Re: (OT) Rewriting, from scratch, a huge code base
by Sifmole (Chaplain) on Sep 28, 2001 at 22:23 UTC
    Ovid,

    Often times extremely large, complicated code bases don't start out that way. They "organically" grow to such nauseating behemoths over time and change requests. That said the one thing I would make sure I had an absolute grasp of before I began to rewrite the application is What is it supposed to do?.

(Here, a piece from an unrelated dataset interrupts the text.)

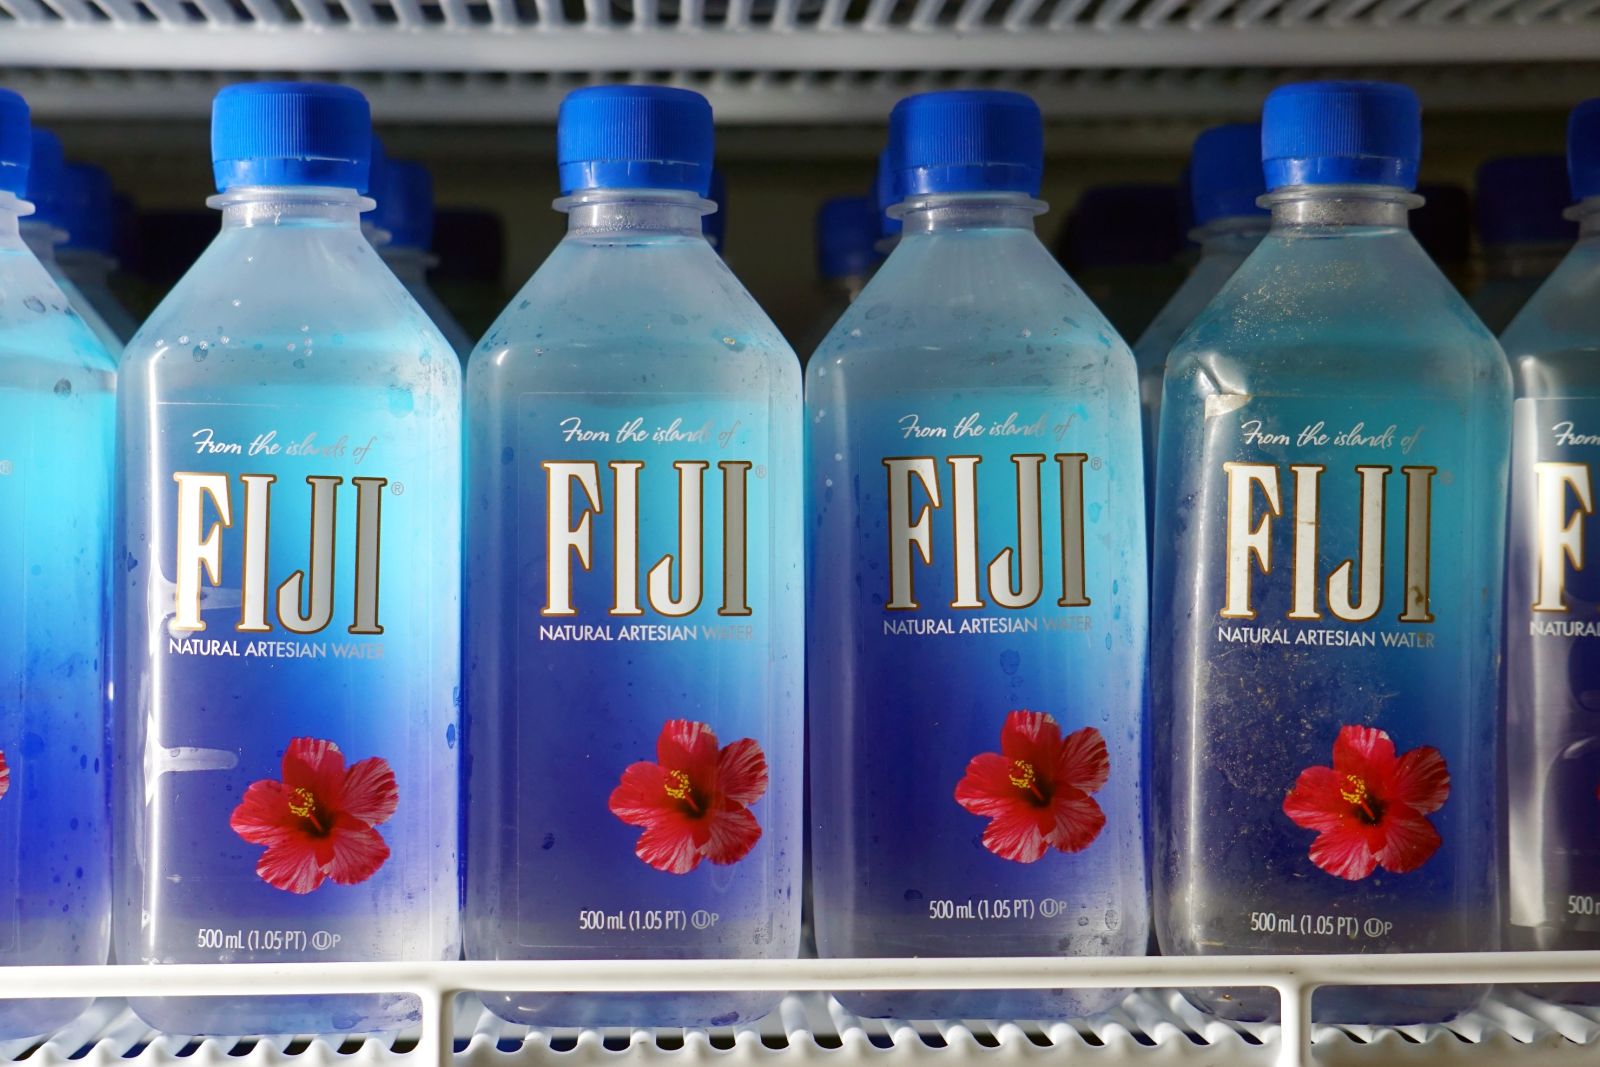 Fijiwasser

    Since you have nobody around, and apparently little to no useable documentation, you run the risk of the documented requirements not being synchronized with the final requirements that the existing code attempted to satisfy.

    Just because I have been bitten by this type of thing once...

    Just my 2 cents worth (and that is probably all it is worth)

Re: (OT) Rewriting, from scratch, a huge code base
by dragonchild (Archbishop) on Sep 28, 2001 at 22:38 UTC
    Having been handed several different medium-sized systems and been told "Add these features, but keep it running", I've realized that substantial rewrites can occur quite easily.

    I've also flat-out said "I need to rewrite this", and it's been ok, too.

    The trick is that you have to be patient. Rome wasn't built in a day. You cannot do a new system from scratch and be able to keep the old schedules. Throw those out with the old system. Then, make new ones. Make them conservative! Be like Scotty - multiply all estimates by 4, then add 12. Then, double them just to be safe. You actually have a very good chance of getting away with this - if management complains, just quietly point to the old system. They should shut up really quick.

    If you lose some customers, so be it. You would've lost them anyways if you released a bad product.

    This also is a good chance to release incrementally. Get the top 10 customers involved in the design. They're using it, not you. Let them gain some ownership over the product. That way, they don't have much reason to complain over the design.

    I guess the big things are patience and confidence. Build small things first. Remember that every system is a series of little things working together.

    ------
    We are the carpenters and bricklayers of the Information Age.

    Don't go borrowing trouble. For programmers, this means Worry only about what you need to implement.